Healthy profit margins on new products tend to be short-lived as competitors catch up and free market forces take over. Each capital market player undergoes a process of selecting which products and services serve as its core business and which will be dropped from its portfolio. For core products and services, each firm must seek methods of driving efficiencies and reducing costs to stay competitive. BPM provides a vehicle for eliminating or automating tasks that are still being executed manually.
An organisation with siloed architecture is like a house of cards. One more work-around or tweak to a legacy process can bring the house down. Instead of just integrating systems, capital markets firms need to analyse accurately, plan meticulously and implement functions carefully. Firms must first examine a process to determine whether it needs to be fixed, replaced or monitored. These data-driven strategies support the business case for change and determine the scope, phasing and expected returns to be paid by any investment
Organisational silos may resemble warring medieval fiefdoms. Often one fiefdom does not talk with or trust the other fiefdoms. They do not share data, they do not share processes and they do not share profits. To unite the fiefdoms, an outside arbitrator is almost mandatory to help create a BPM implementation that crosses boundaries and empowers the functional managers who own all of the bits of the process to work together. Only then can they achieve their total potential.
Workflow defines the interconnections between different pieces of software, the exchanges of the data and the rules associated with the routing. But one of the most important steps before implementation is to define the roles of the people who will be involved in the new, more automated process. It requires objectivity, and often an outside viewpoint, to define those roles. The assignments have to be correct because the roles will be “institutionalised” within the process template.

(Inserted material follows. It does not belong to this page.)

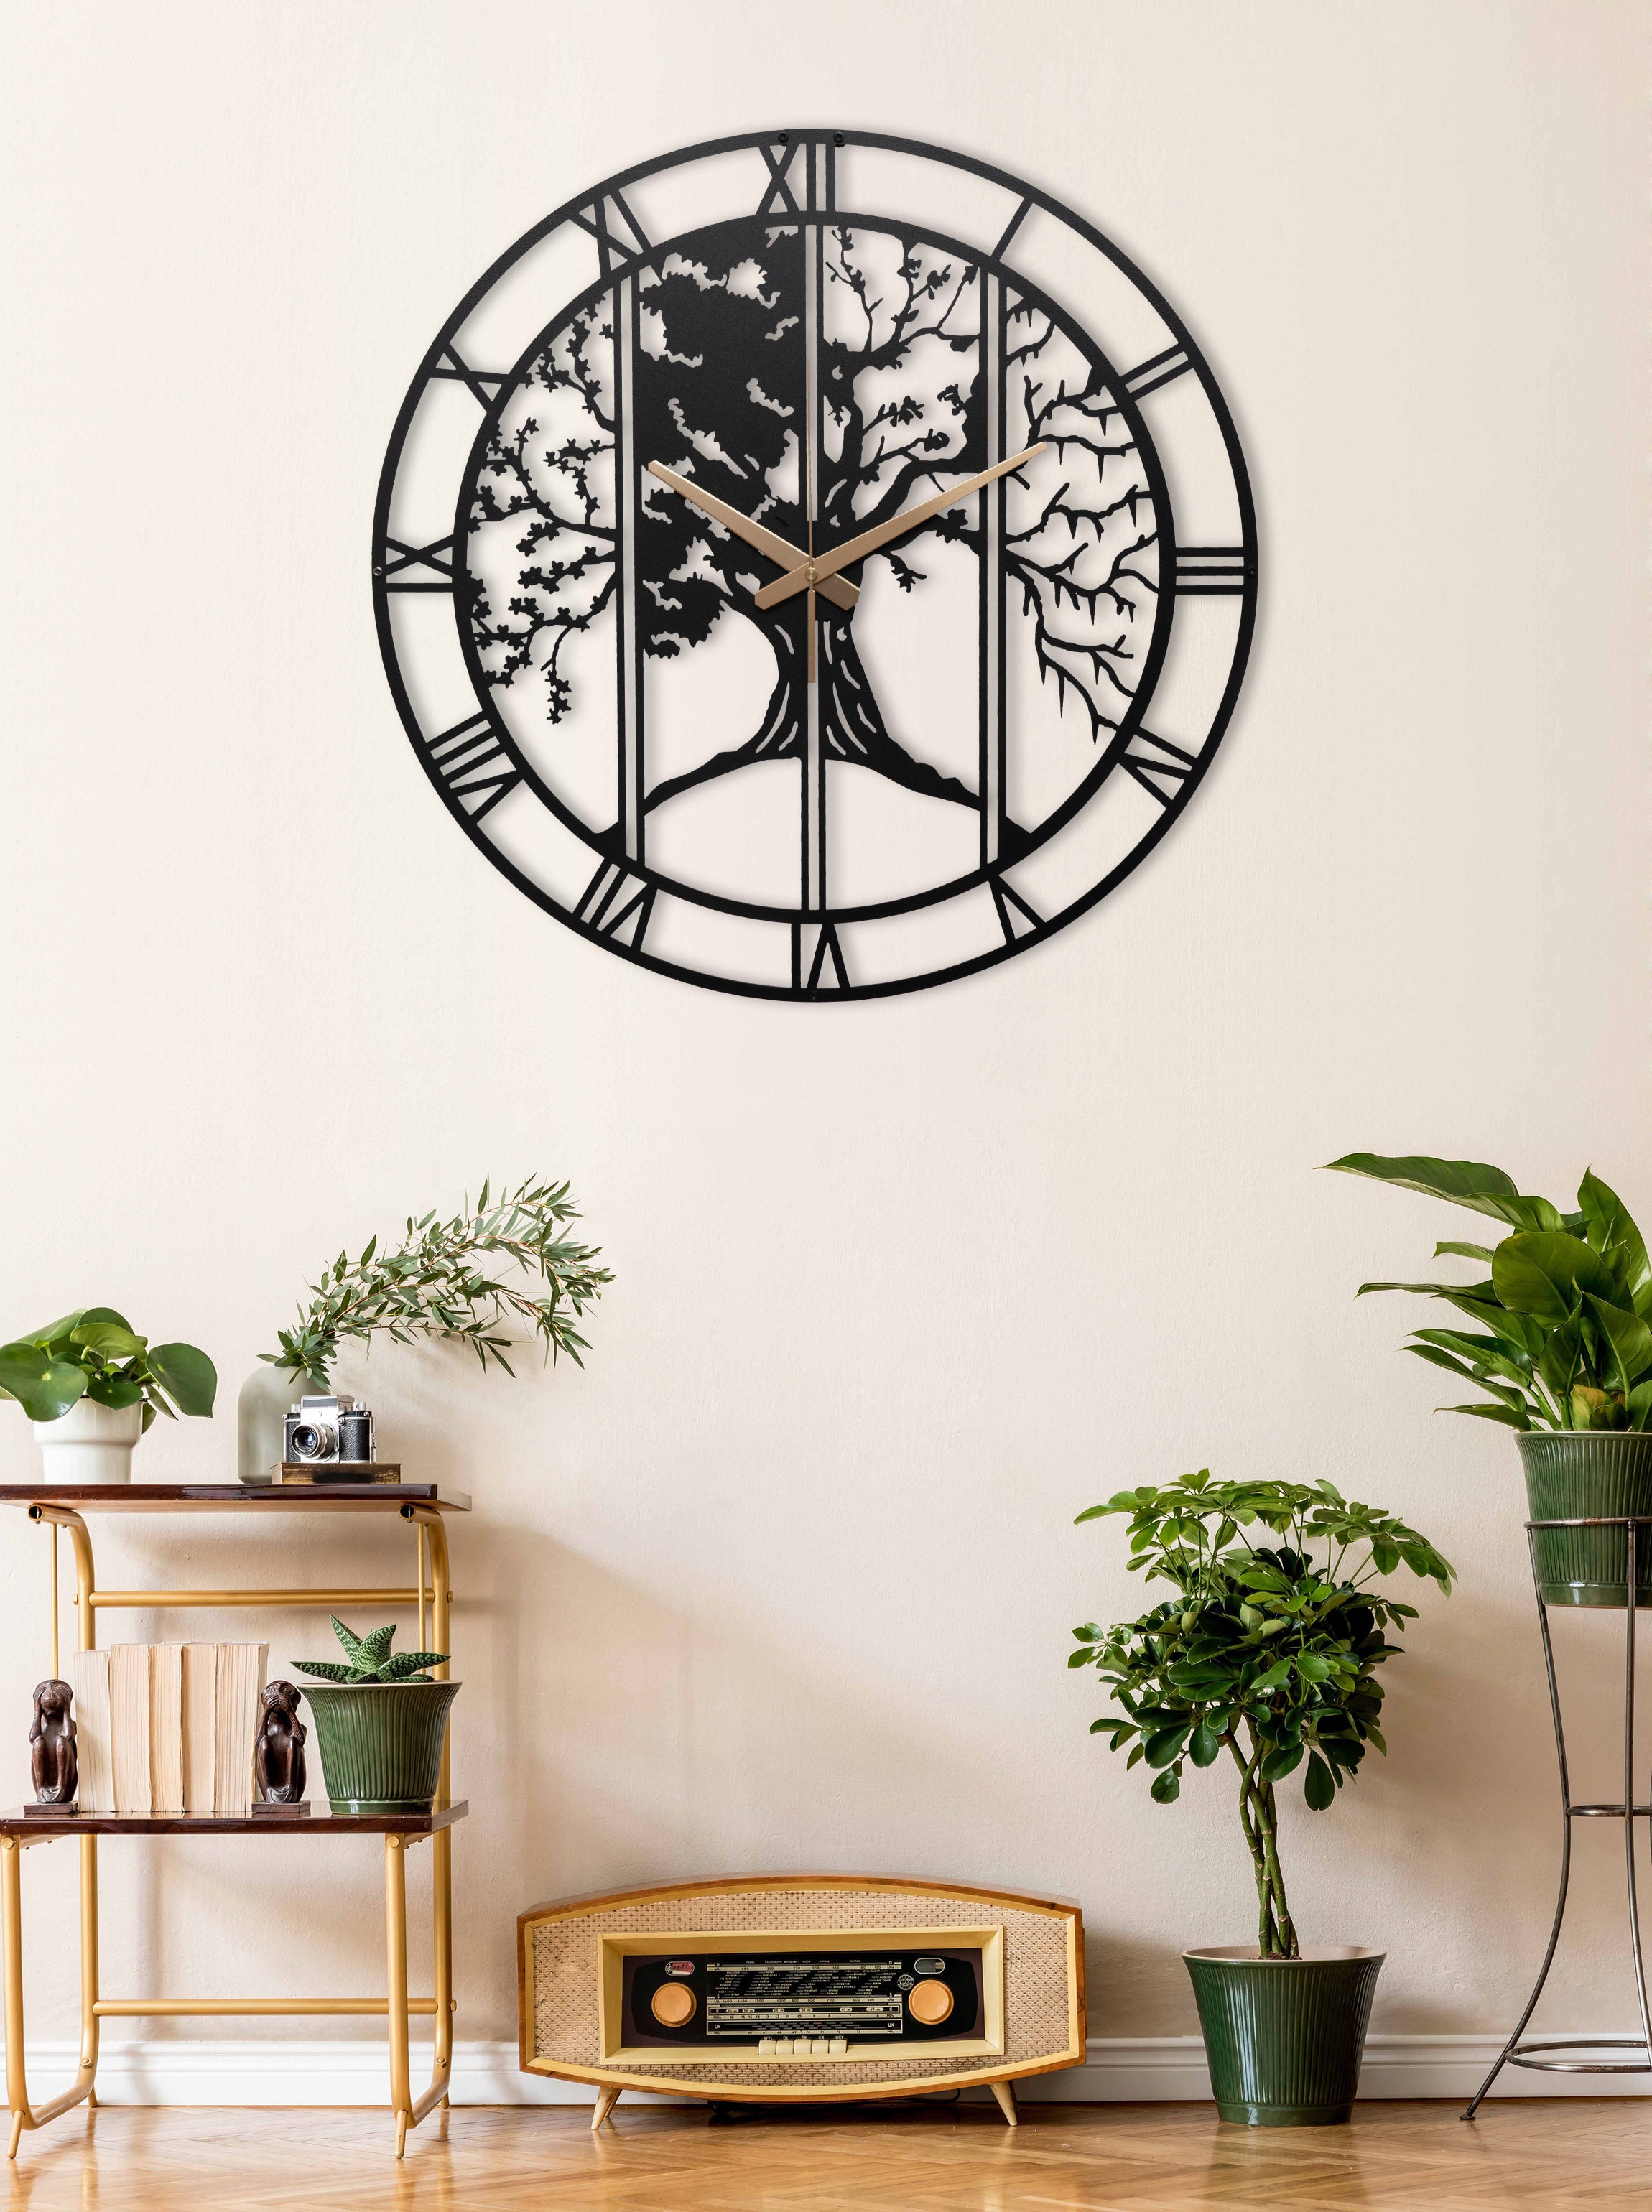 Four Season Metal Large Unique Wall Clock Horloge Murale

BPM implementation requires a tremendous amount of organisation-wide connectivity. Workflow must be coupled intelligently with middleware, applications, databases and e-mail. Although it may be enough to provide integration from edge-to-edge of applications, a better approach would be true convergence that combines data, process and technology at the application core.
BPM architecture usually requires both a data model and a process model. Semantics must be consistent so successful implementation can be duplicated system-wide. “Architect” big, but implement small. If your models are robust enough for global implementation, they can also withstand the local tweaks required and approved so they may be instituted in each region.

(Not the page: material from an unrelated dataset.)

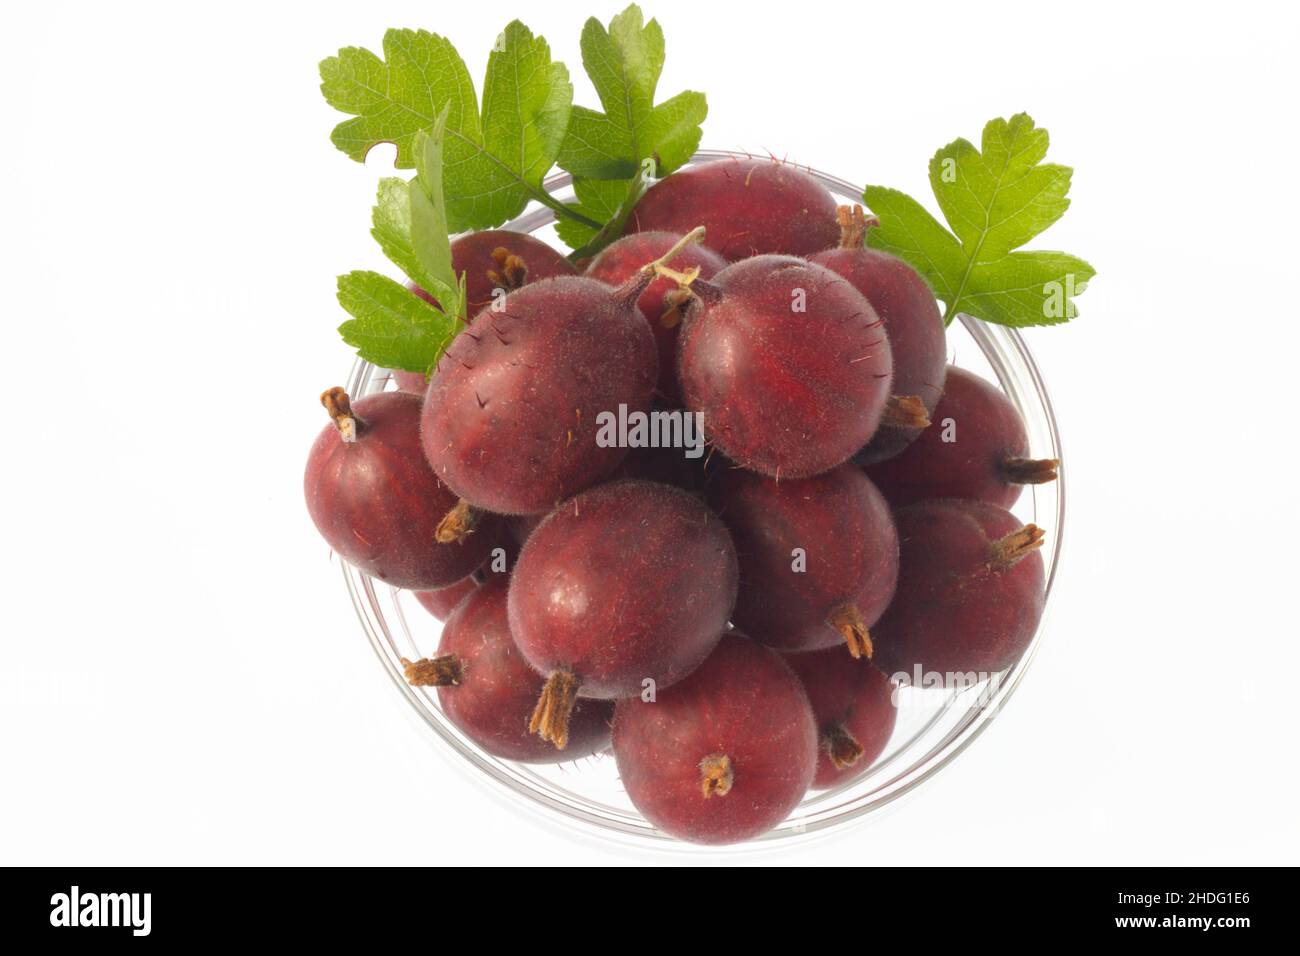 gooseberry, gooseberries Stock Photo

A recent review of many top global capital markets firms showed that operations and technology spending ranges from $4bn to $6bn annually. Many of their current initiatives seek to address complex record keeping and reporting requirements imposed by government regulations. BPM and automation represent the next technology frontier for these organisations. Automation of business processes in capital markets firms may be compared with the promise of factory automation a century ago, but with far greater complexity, risks and rewards. We are just now beginning to codify our office “manufacturing” processes, selectively applying automation tools that will trigger rapid change, much as the assembly line did on the factory floor.